"Estamos en un maratón, no en un sprint". Con esta frase tan gráfica resumió ayer Ana Botín, presidenta del Banco Santander, los resultados históricos que la entidad cosechó en 2024. Los 12.574 millones de euros de beneficio que ha registrado no son sólo un récord para el grupo, sino también un respaldo para el giro estratégico que Botín ha imprimido a la compañía y así lo reivindicó ayer su máxima directiva.
Banco Santander lleva varios años inmerso en un plan de transformación que muchos analistas e inversores han abordado con recelos. El plan, bautizado como One Transformation, pretende trasladar a sus clientes un modelo operativo común respaldado por una plataforma tecnológica que se utilice en todo el grupo. Dentro de ese plan, en septiembre de 2023, el banco dividió su negocio en cinco áreas globales -Retail, Consumer, CIB (banca corporativa y de inversión), Wealth (banca patrimonial) y Payments (pagos)- de las que dependen las actividades en todos los países con el objetivo de hacer más eficientes los procesos, exportar las prácticas exitosas entre ellos y crecer aprovechando la escala de la entidad. En este tiempo, algunos analistas e inversores han expresado dudas sobre esta estrategia, incluso el diario británico Financial Times planteaba hace sólo unos días si tenía sentido la "amplia presencia" del banco en diferentes geografías o si estaba generando valor. A todos ellos respondió ayer, con los números en la mano, la propia Botín.

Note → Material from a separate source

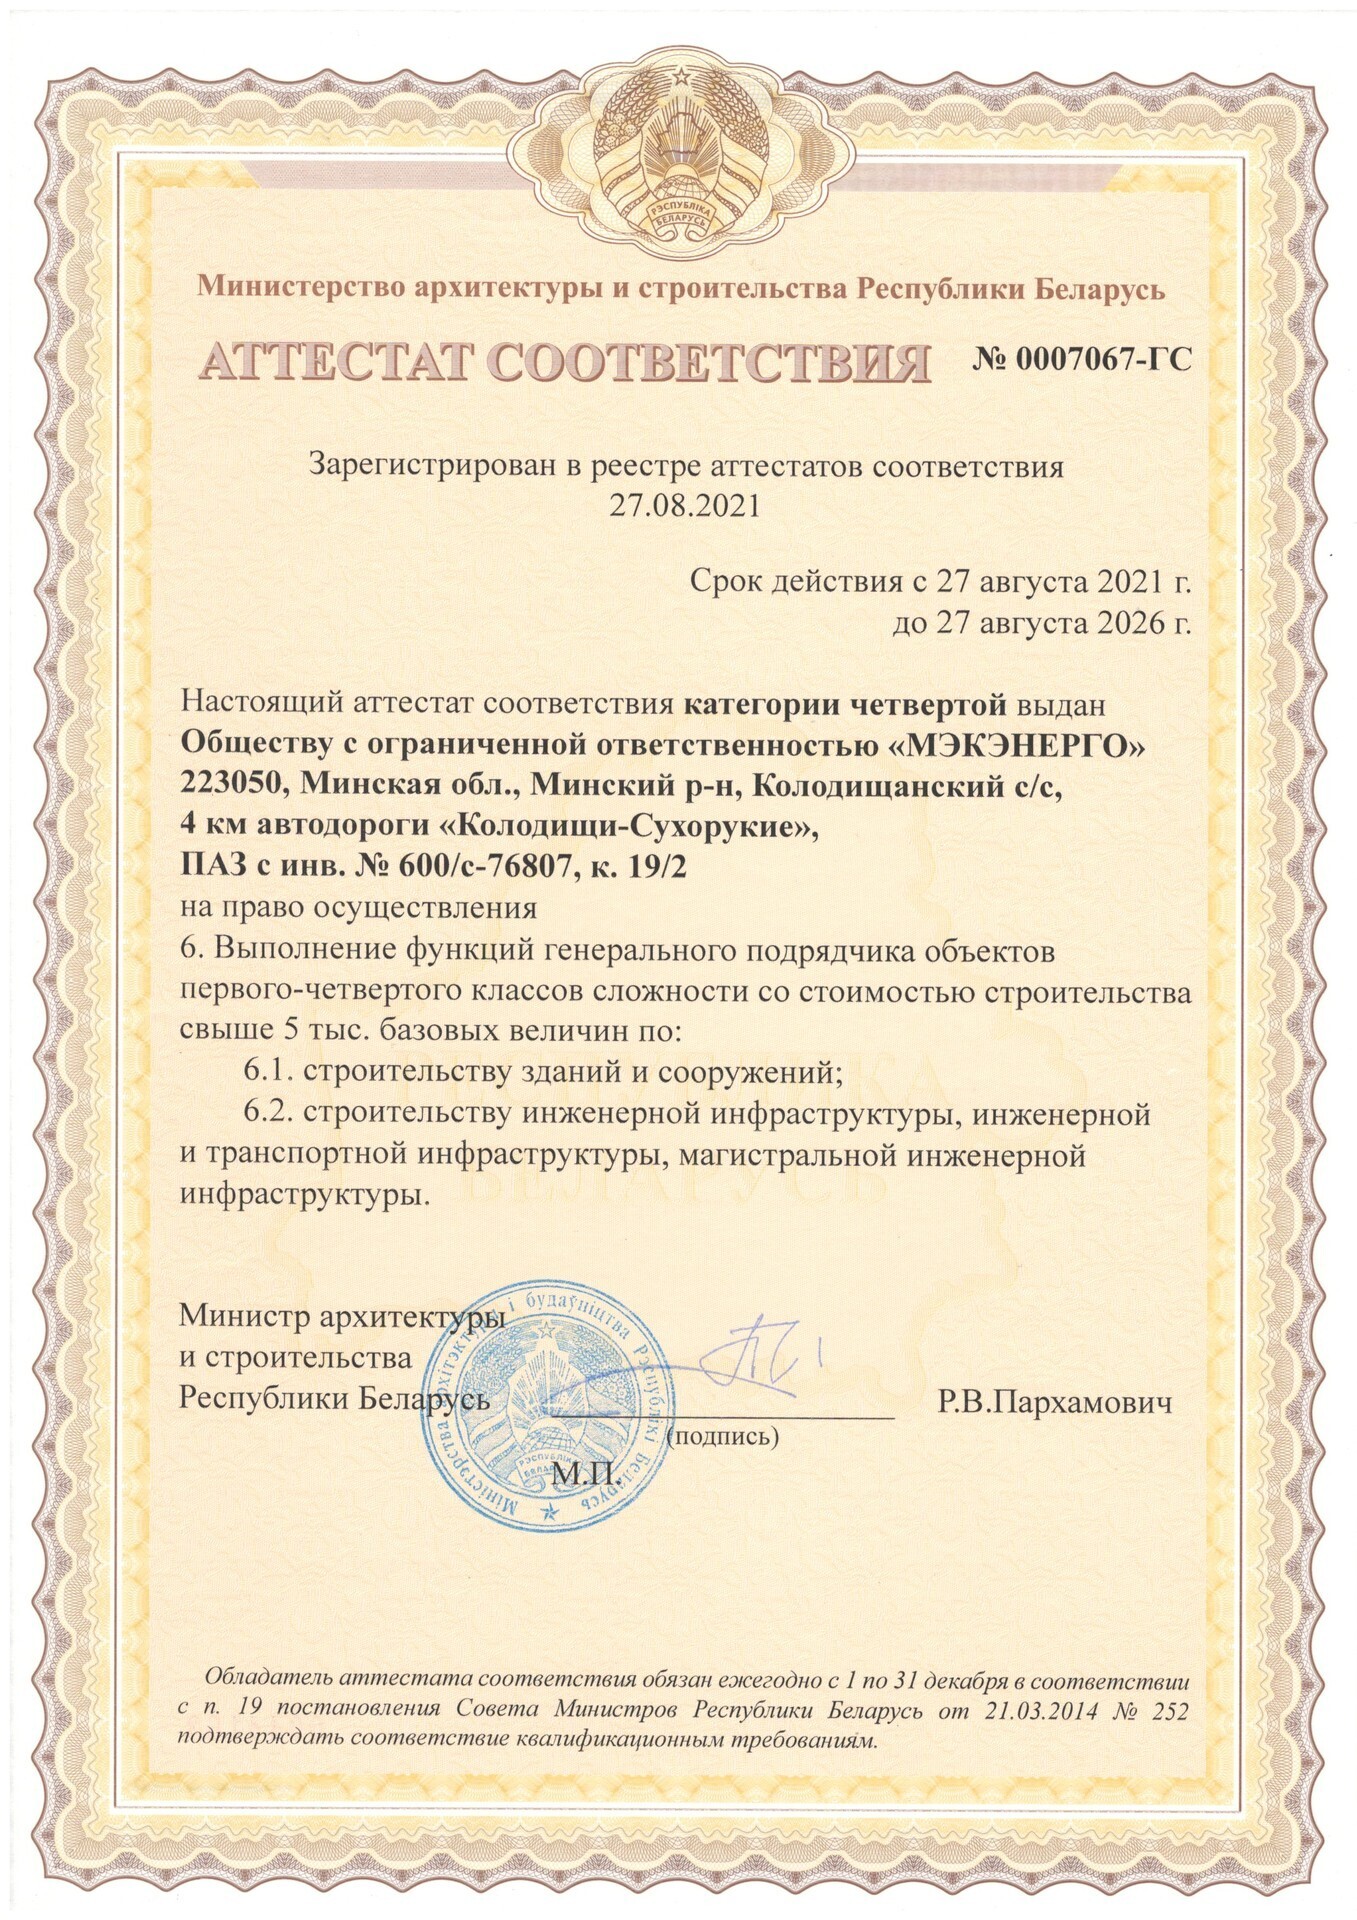 Сертификат соответствия генерального подрядчика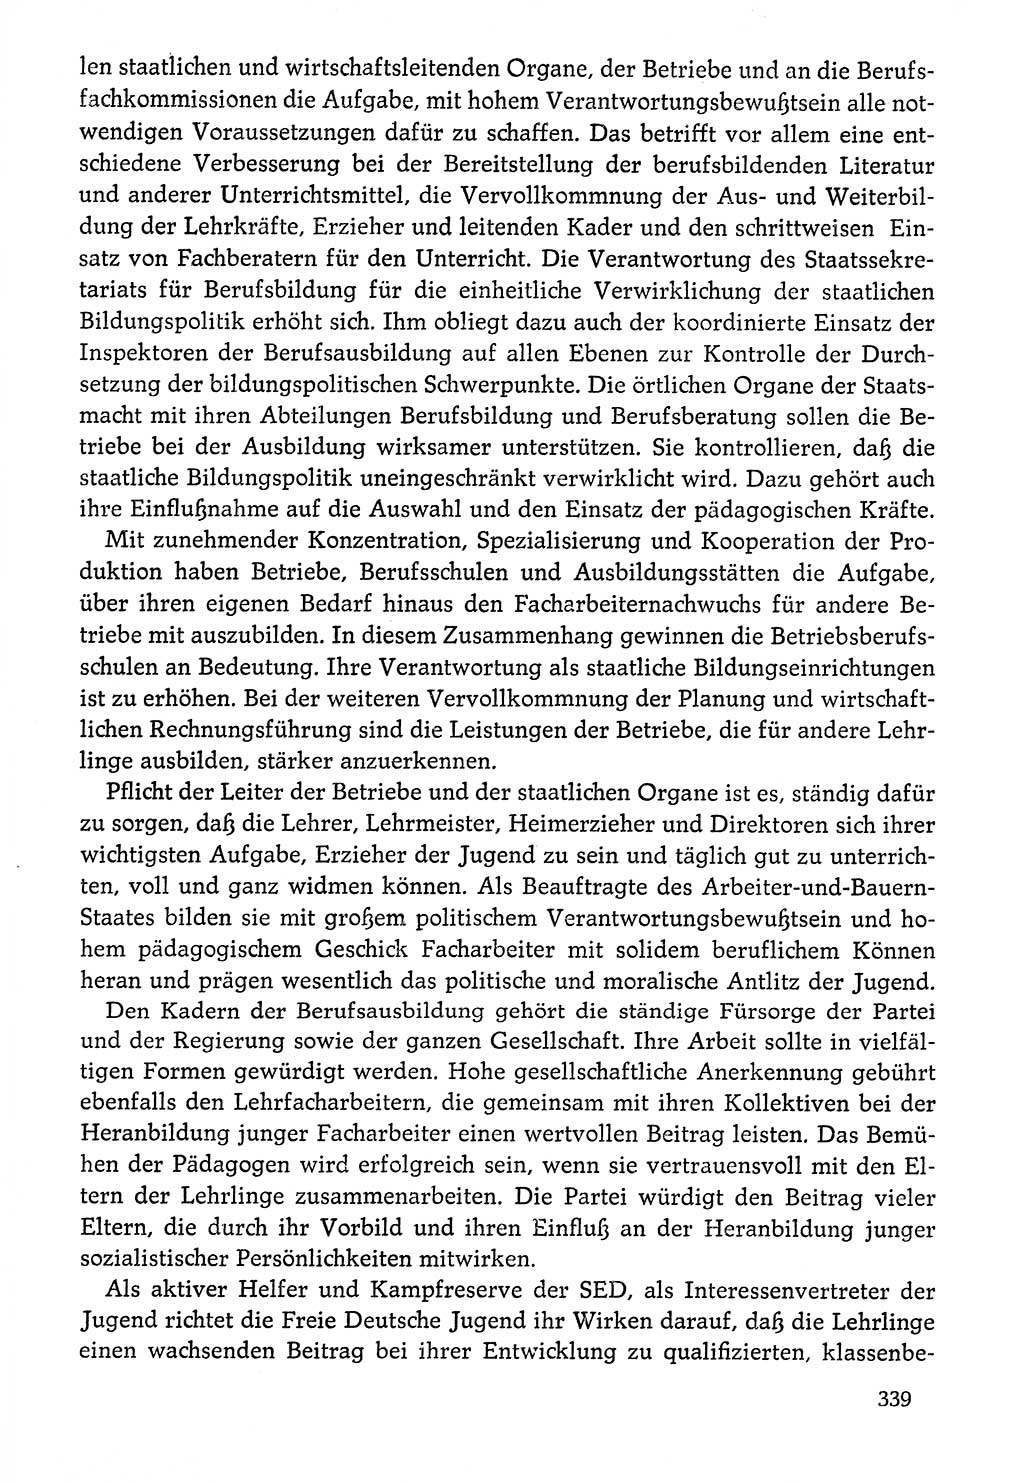 Dokumente der Sozialistischen Einheitspartei Deutschlands (SED) [Deutsche Demokratische Republik (DDR)] 1976-1977, Seite 339 (Dok. SED DDR 1976-1977, S. 339)

"Nuestra estrategia no ha cambiado, estamos construyendo el Santander del futuro al tiempo que entregamos resultados hoy", comenzó. Después apeló al crecimiento de su base de clientes, que ya ha alcanzado los 173 millones en todo el mundo, y a una estrategia "que es capaz de dar sostenibilidad a nuestros resultados, que sean predecibles", dijo Botín, poniendo sobre la mesa que cada año han cumplido con las guías ofrecidas al comienzo del ejercicio. "Cambiar el modelo va mucho de temas de cultura, de personas y de ejecución [...] Cuando hablamos de plataformas globales construidas por nosotros, ya no son un Power Point, sino una realidad", dijo antes de referirse expresamente a Openbank, a Zinia o a Gravity, el software desarrollado por el banco para actuar como plataforma de su negocio core. "Todo esto es parte de la razón por la cual mucho de lo que tenemos que hacer depende de nosotros mismos y de la ejecución", por eso repitió en más de una ocasión ayer que "2025 será un año mejor para Banco Santander. Lo haremos mejor que nuestros comparables en un contexto que anticipamos más volátil, más complejo y con más incertidumbre".
Hacerlo mejor significa superar los más de 12.500 millones de beneficio de 2024 y para ello, el banco confía en mantener la cifra de ingresos estables, en torno a los 62.000 millones de euros, con una reducción de los costes derivada, precisamente, del desarrollo tecnológico que ya ha implementado en las diferentes geografías en las que opera. Así pues, la reducción de costes se convierte en un elemento clave para cumplir con sus objetivos, que pasan también por un aumento de los ingresos por comisiones a un dígito medio-alto; mantener un ratio de capital CET1 en el 13% y un ROTE por encima del 17%.
Los mercados también se mostraron ayer convencidos tras conocer las cuentas y los planes de la entidad, sobre todo los que tienen que ver con la retribución al accionista, porque Banco Santander anunció ayer también el lanzamiento de un nuevo plan de recompras por valor de 10.000 millones de euros correspondientes a 2025 y 2026 y con exceso de capital, adicionales a la distribución ordinaria de dividendos en efectivo. Las acciones de la entidad se mantuvieron disparadas durante toda la sesión en el Ibex hasta acabar con una subida del 8,3%, hasta los 5,402 euros por título, que sitúa su revalorización en lo que va de año en el 21%.
Sobre los múltiples y recientes cambios en la organización de la entidad -los últimos se dieron a conocer el pasado viernes con la supresión de las direcciones regionales y la salida de un histórico como Víctor Matarranz-, Botín aludió a la necesidad de adaptar el negocio a los nuevos tiempos y a la demanda de los clientes. "Cuando el mundo cambia, tenemos que cambiar. Necesitamos perfiles diferentes que se ajusten a la nueva demanda de los clientes. Siempre digo que, o somos los mejores en experiencia digital o los jóvenes no abrirán cuentas con nosotros, y esto es algo que requiere diferentes capacidades, también en una cultura diferente, y por tanto seguiremos intentando tener un equipo que sea capaz de responder a lo que nos piden los clientes. El equipo ahora está estable y estamos encantados con las nuevas incorporaciones", concluyó.